* [Exercise directions]: Apart from the pictures, print the data below exactly as given.

* [Information shown]:
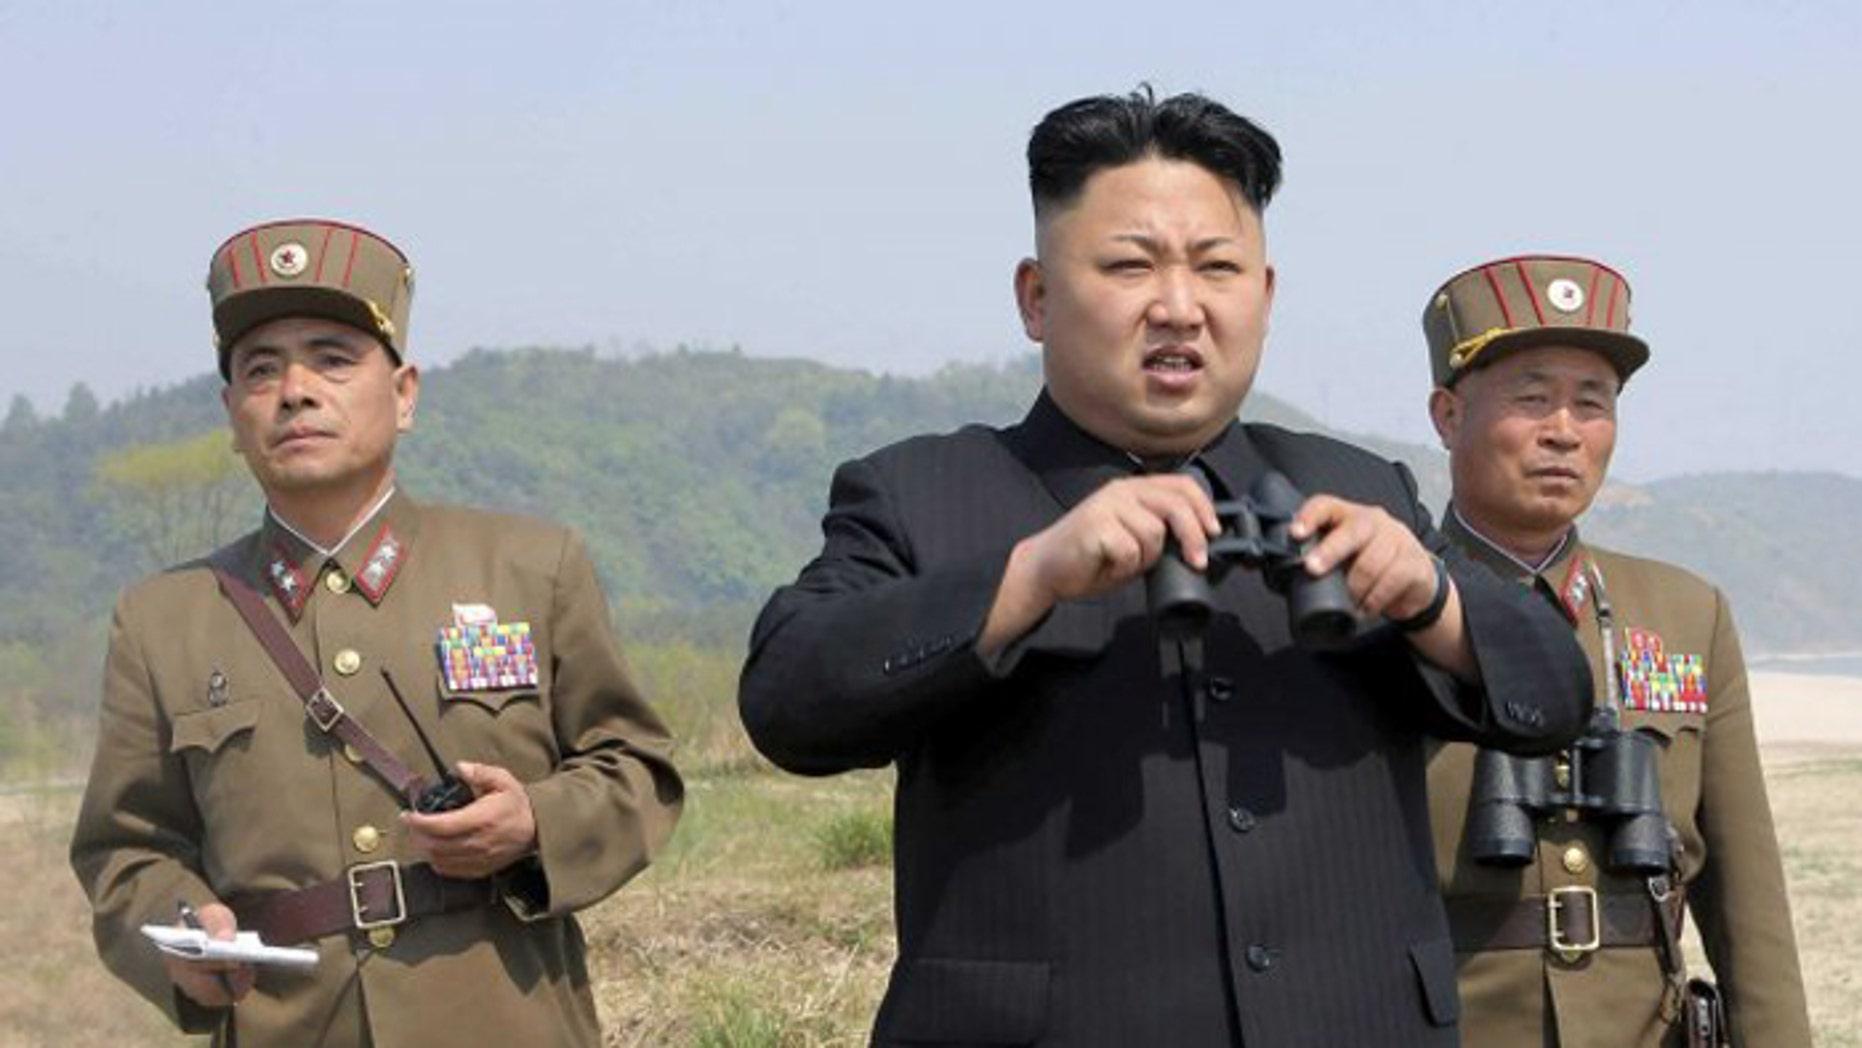 Some nerve: North Korean dictator Kim Jong Un's repressive regime is criticizing the CIA for its enhanced interrogation tactics. (Reuters)
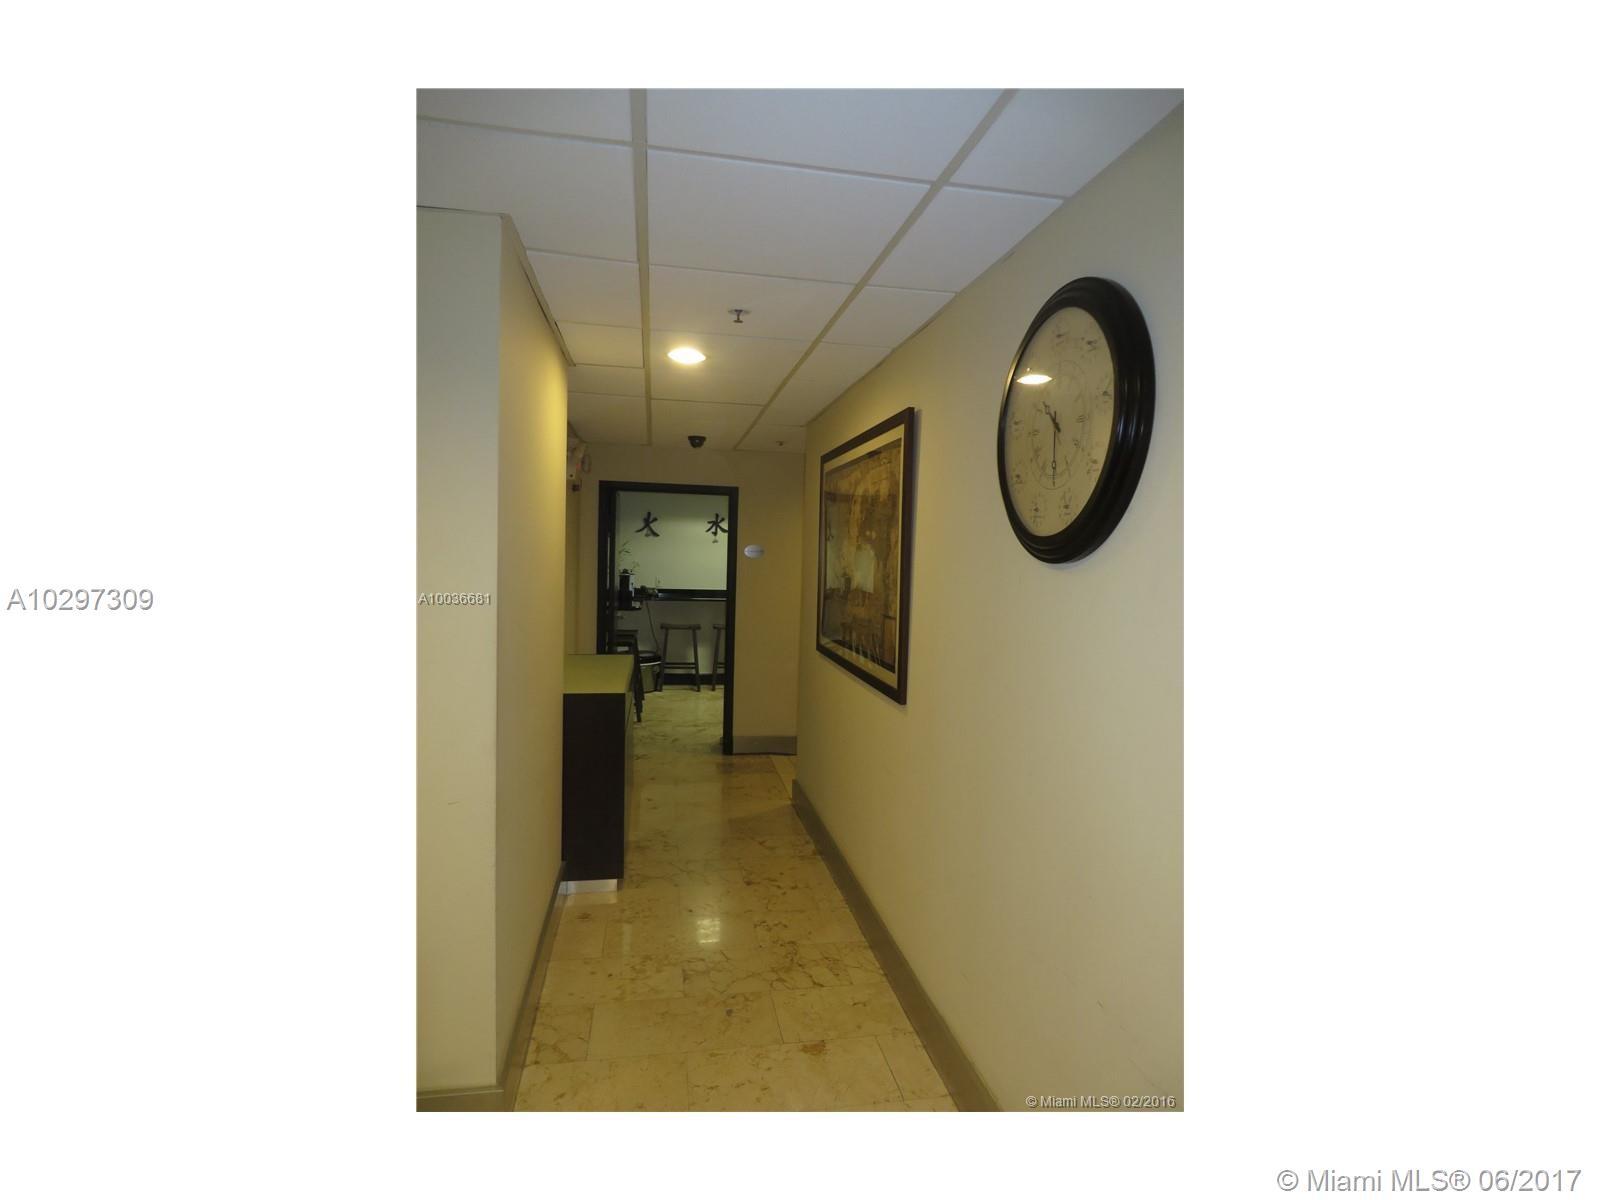 1110 BRICKELL AVE SUITE 4, Miami, FL 33131
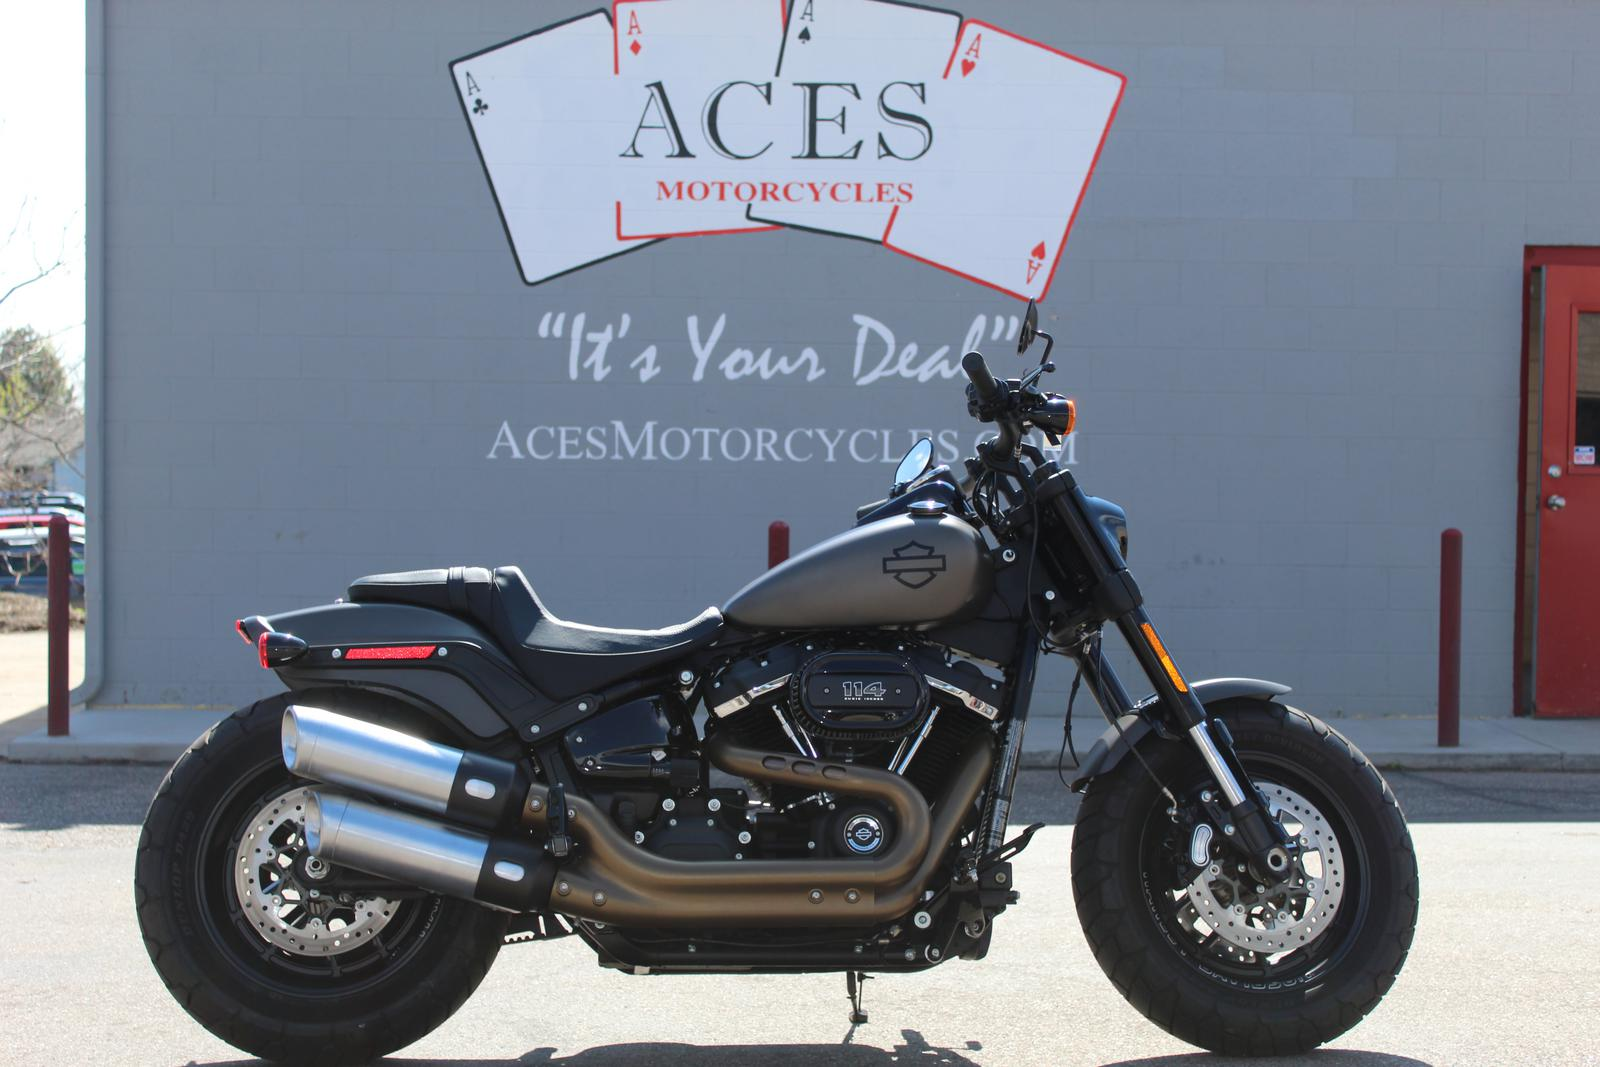 2018 Harley-Davidson® Softail Fat Bob 114

* [Solved exercise]:
 Some nerve: North Korean dictator Kim Jong Un's repressive regime is criticizing the CIA for its enhanced interrogation tactics. (Reuters)
 1110 BRICKELL AVE SUITE 4, Miami, FL 33131
 2018 Harley-Davidson® Softail Fat Bob 114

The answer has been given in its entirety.